I wanna work on something and finally get a story done.  To do this I could use some help from someone willing to give advice on how I can proceed with my story and be there if I have questions or recommendations on how to advance my characters through the plot.


----------



## -..Legacy..- (Nov 24, 2017)

Do you have all the basics?

Characters with full descriptive personalities?

Environments, to include details. 

Plot, to include how the story is introduced, is it 1st or 3rd person?  what is the "problem" and "solution" that drives the characters?
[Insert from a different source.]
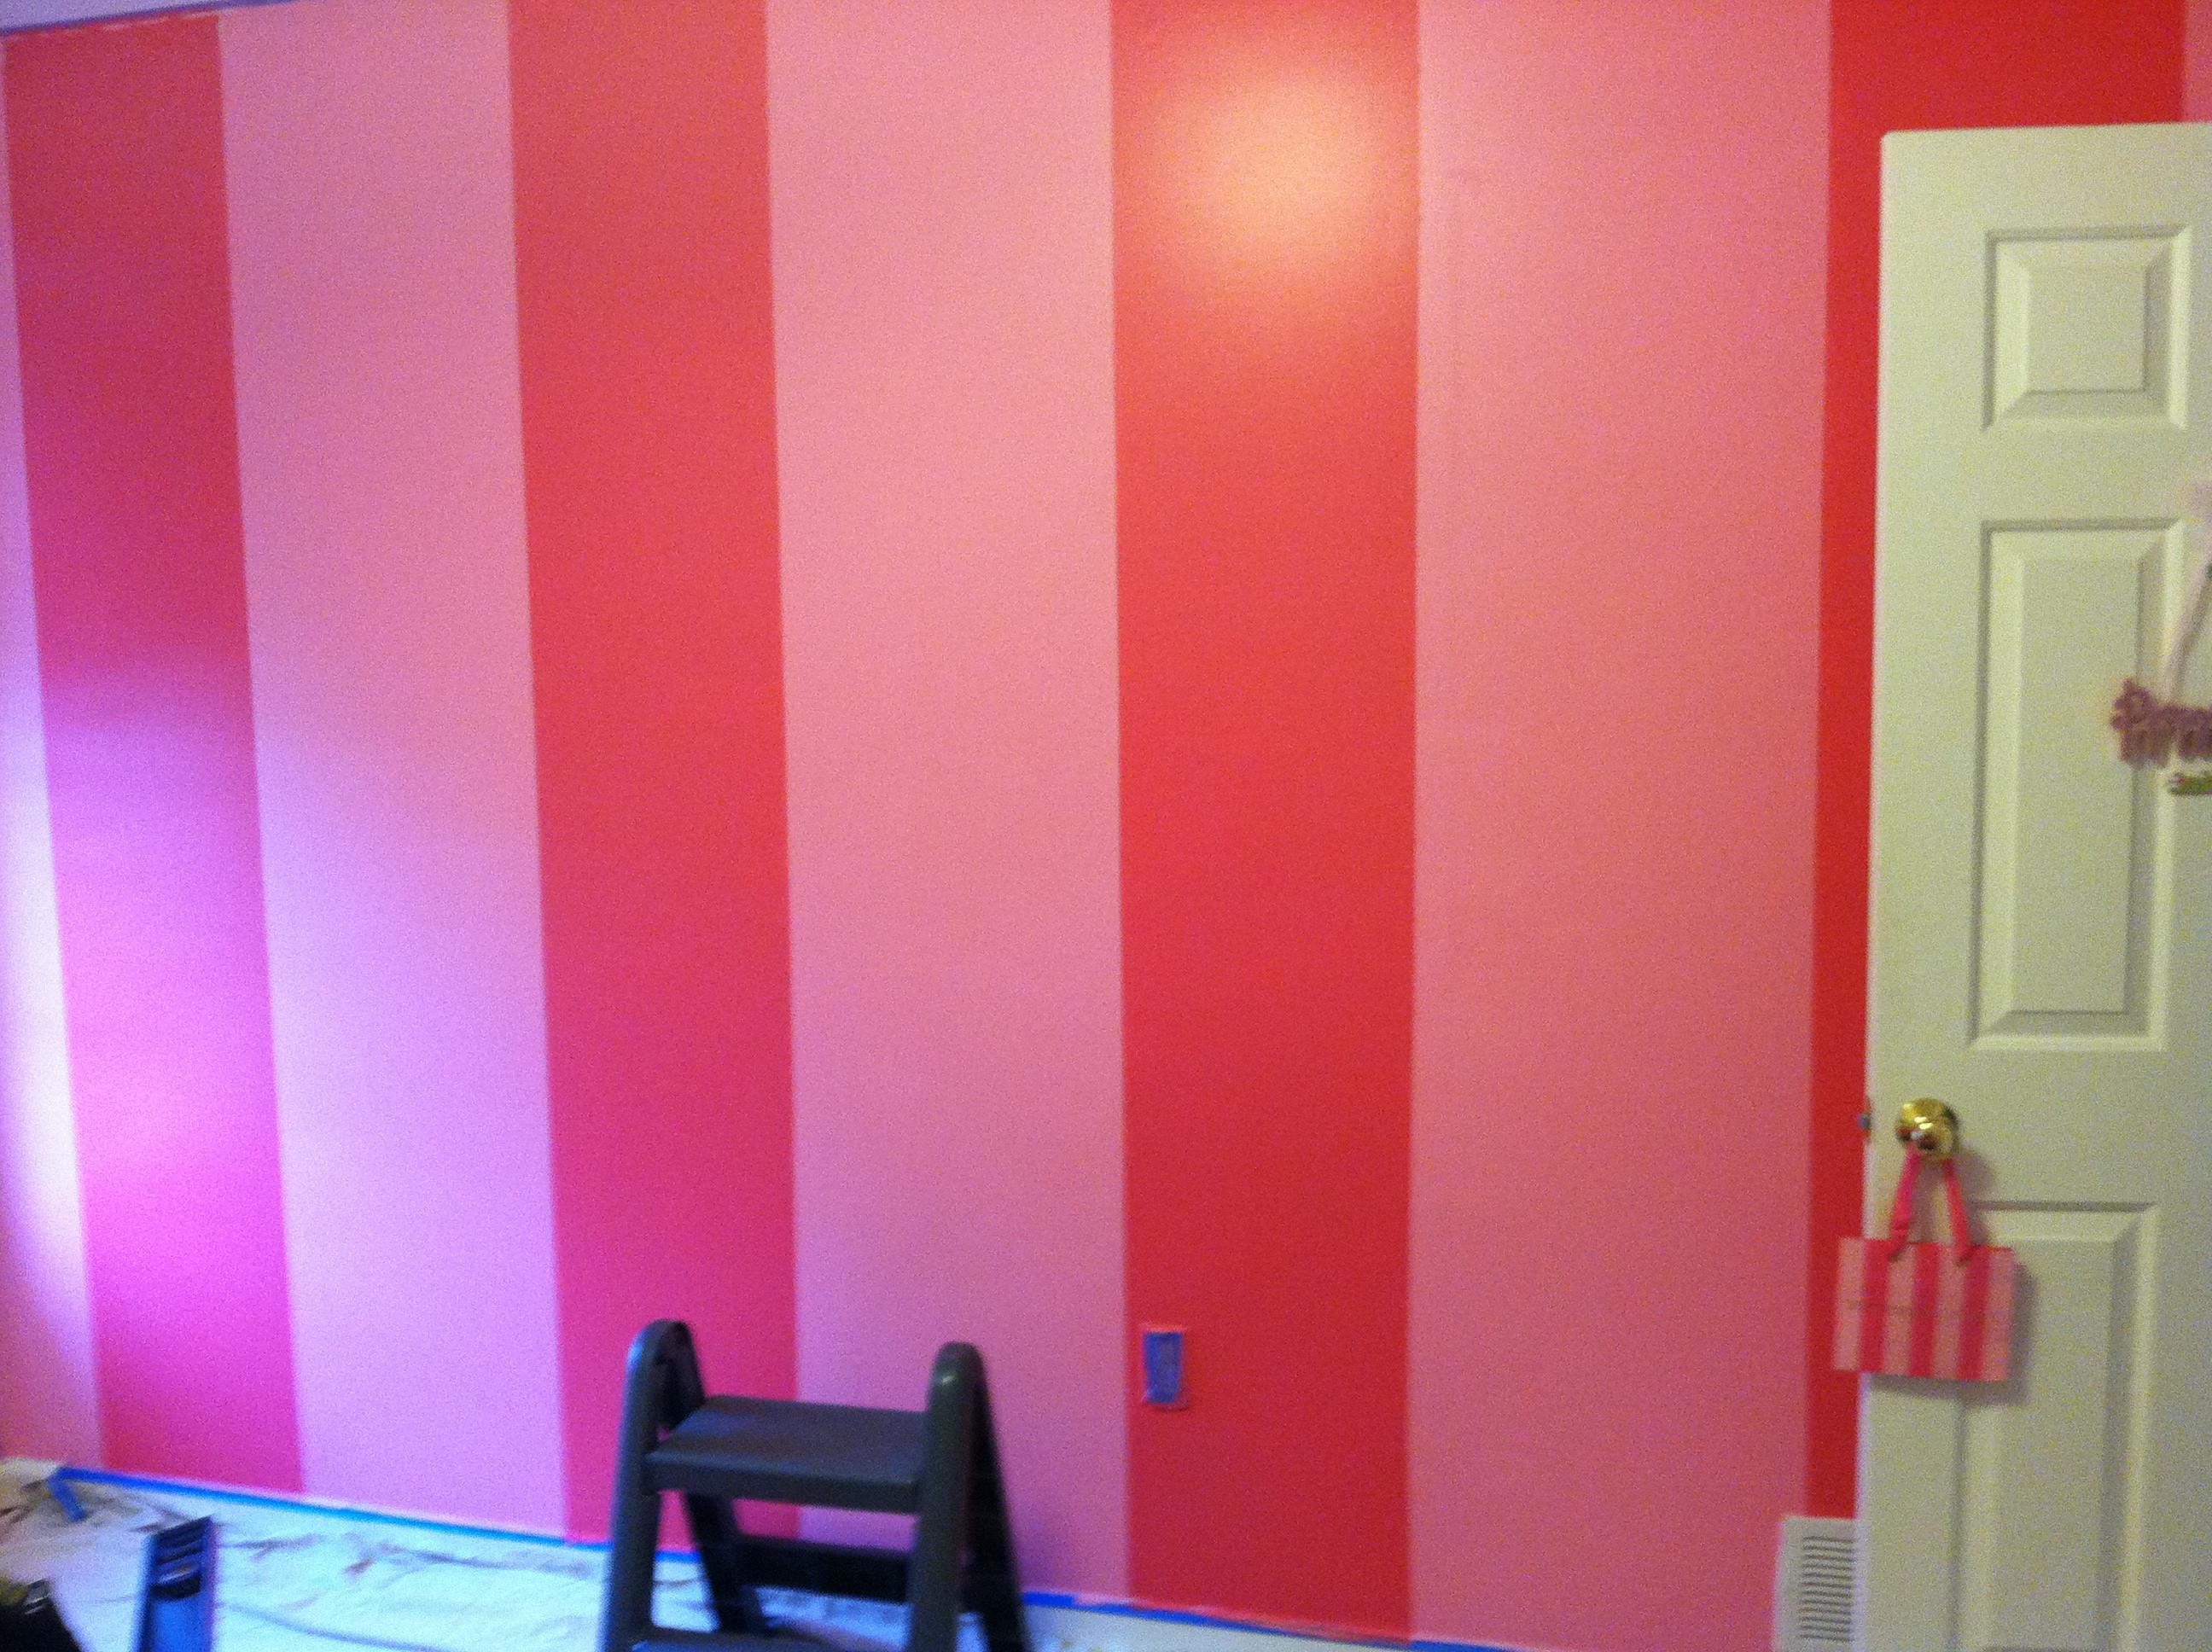 wallpaper victoria secret (57+ images)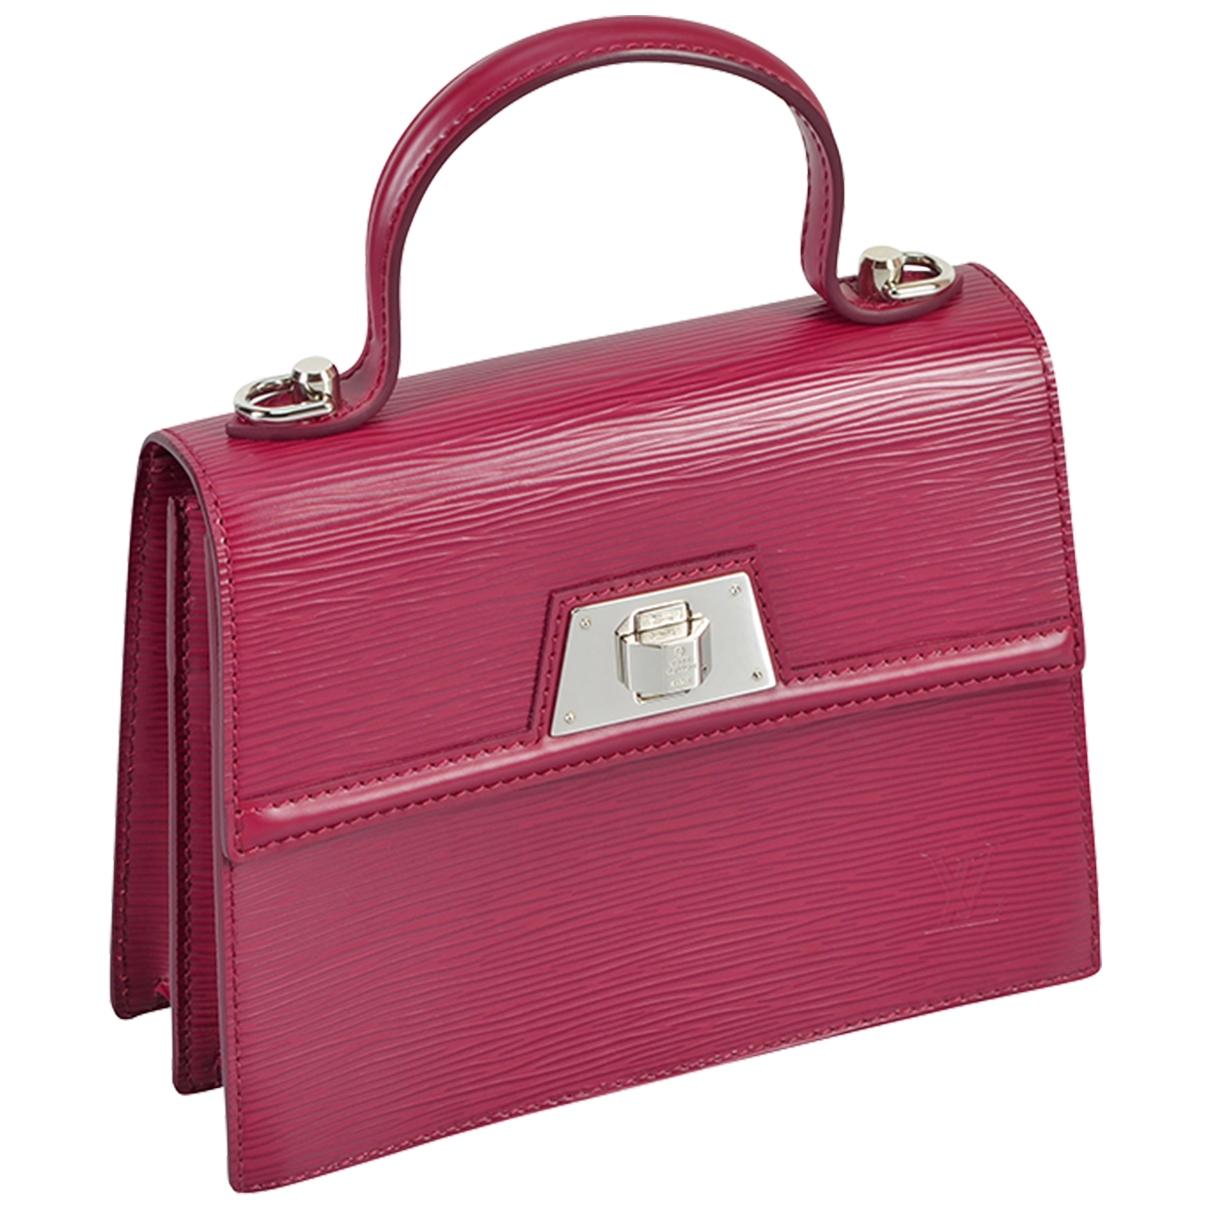 Louis Vuitton - Sac a main Sevigne pour femme en cuir - rose

It really depends on how you want to tell the story.


----------



## Arko90 (Nov 24, 2017)

As my dear Sergal said, on a paper create a octopus diagrams (Technician language yes but you can see what I mean) and at middle create a bubble with your charactert's name and create other bubble linked to him to describe your character, this wil permit you to brainstorm all of yours ideas


----------



## -..Legacy..- (Nov 24, 2017)

^  Yep, that's a great trick. I use a Herringbone personally to save space.  Name on the middle, descriptors on the external lines.   Keep it mind this can change, depending on if you character has changed positions due to whatever the plot is.   If that's the case, you need a second one with the new traits.

It can also be used for each environment as well.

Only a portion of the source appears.